Aller au contenu principal

FRUIT LOGISTICA - Un fruit à l’école
2011, année de test pour les fruits à l’école

L’enveloppe du School Fruit Scheme est loin d’être dépensée. La mise en place des programmes nationaux est à la discrétion des gouvernements. Revue de détail.

A l’origine déclarée comme une mauvaise idée par les services de la Commission européenne, la distribution de fruits à l’école a réussi son passage en force. C’était en 2007 à l’occasion du congrès EGEA que tout a basculé. « Au départ j’étais contre cette distribution, expliquait Lars Hoelgaard, directeur adjoint de la DG Agri, lors de la dernière réunion Aprifel organisée en décembre à Paris. Je trouvais que c’était une mauvaise idée. Et c’est avec les présentations des chercheurs que j’ai pris conscience des aspects préoccupants de l’obésité grandissante touchant particulièrement les enfants européens.

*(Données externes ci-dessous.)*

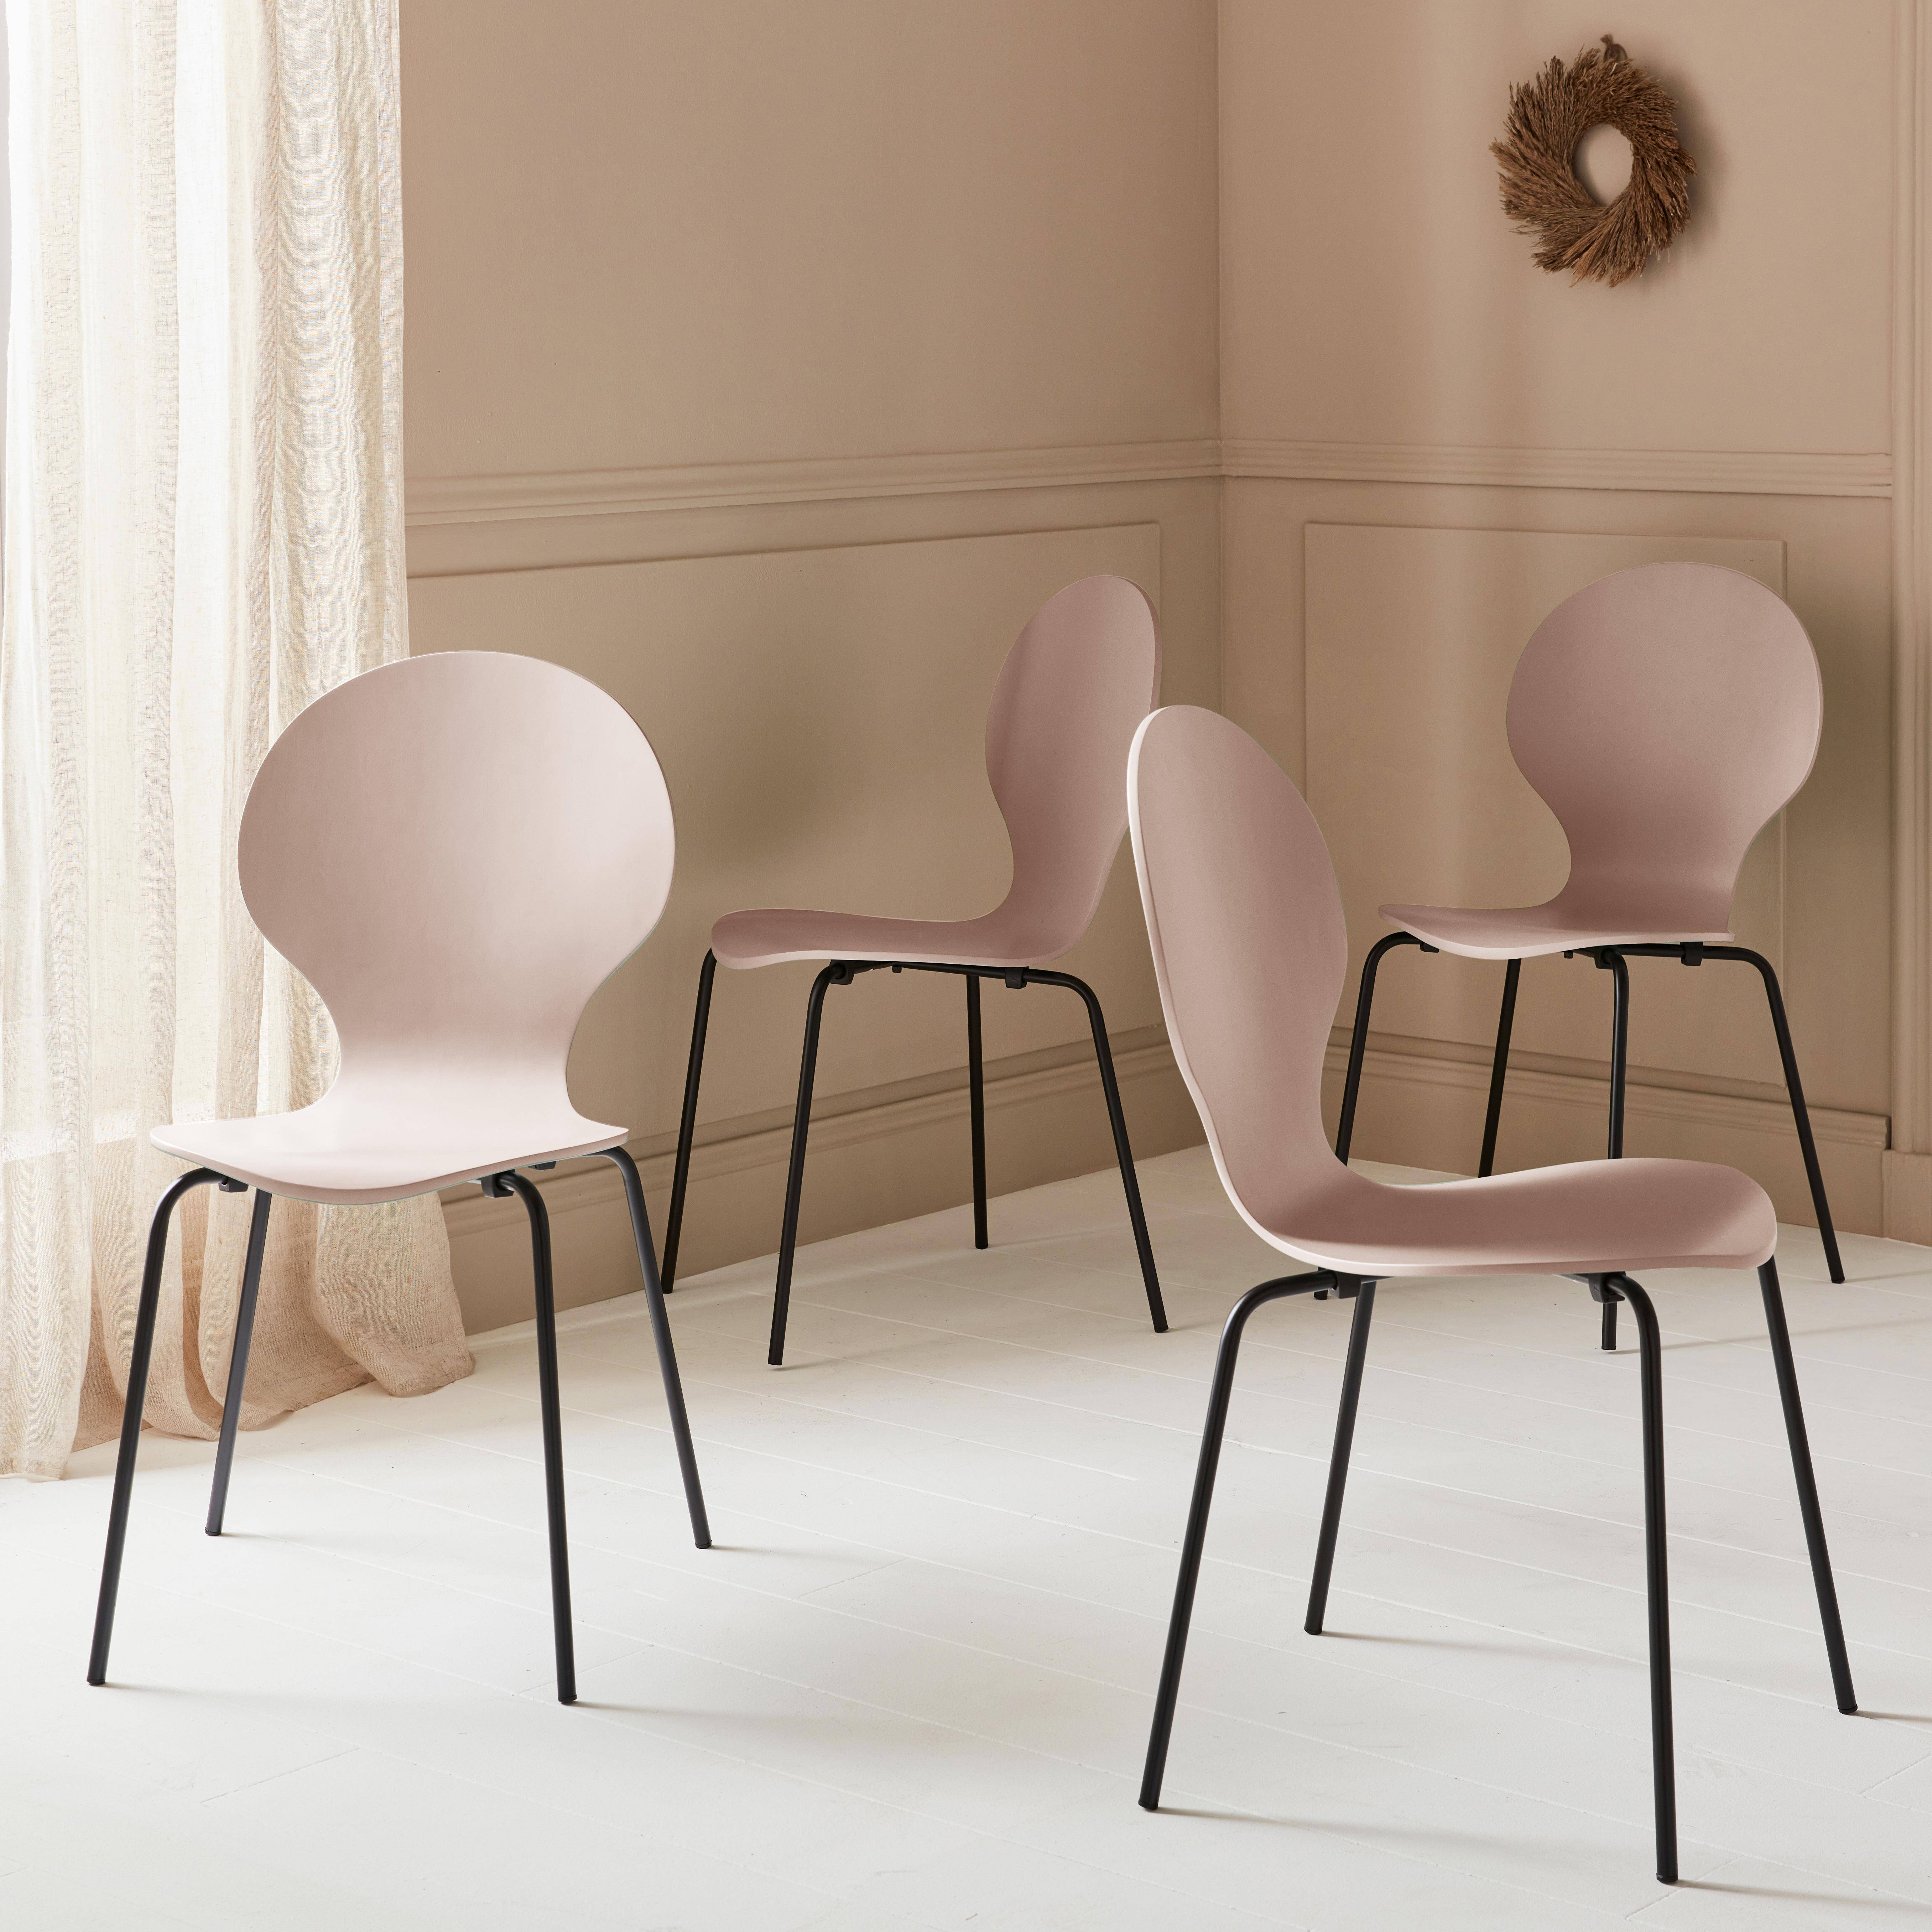 4er Set stapelbare Retro-Stühle in Rosa ,  Hevea-Holz und Sperrholz, Beine aus Stahl, Naomi, B 43 x T 48 x H 87cm Photo1

Je me suis alors battu pour convaincre mes collègues d’instaurer un budget dédié à la distribution des fruits à l’école. Pour arrêter cet effet boule de neige qu’allaient coûter cette progression de l’obésité et son coût en termes de santé publique. » Selon les dernières données de la Commission européenne, 22 millions d’enfants sont en surpoids dans l’UE à 27 et 5,1 millions d’entre eux nécessitent un traitement médical. Lars Hoelgaard avait ainsi réussi à motiver la Commission européenne en démontrant tous les bienfaits d’une telle distribution quant à la réduction des dépenses de santé à long terme, un coût estimé à près de 150 milliards d’euros. Il avait à l’époque bien mentionné toute l’importance d’un programme mené à long terme, accompagné d’un suivi pédagogique fort pour entraîner une augmentation de la consommation de f&l tout au long de la vie. La DG Agri avait alors demandé le soutien de la DG Sanco (Santé consommation) sur un tel programme.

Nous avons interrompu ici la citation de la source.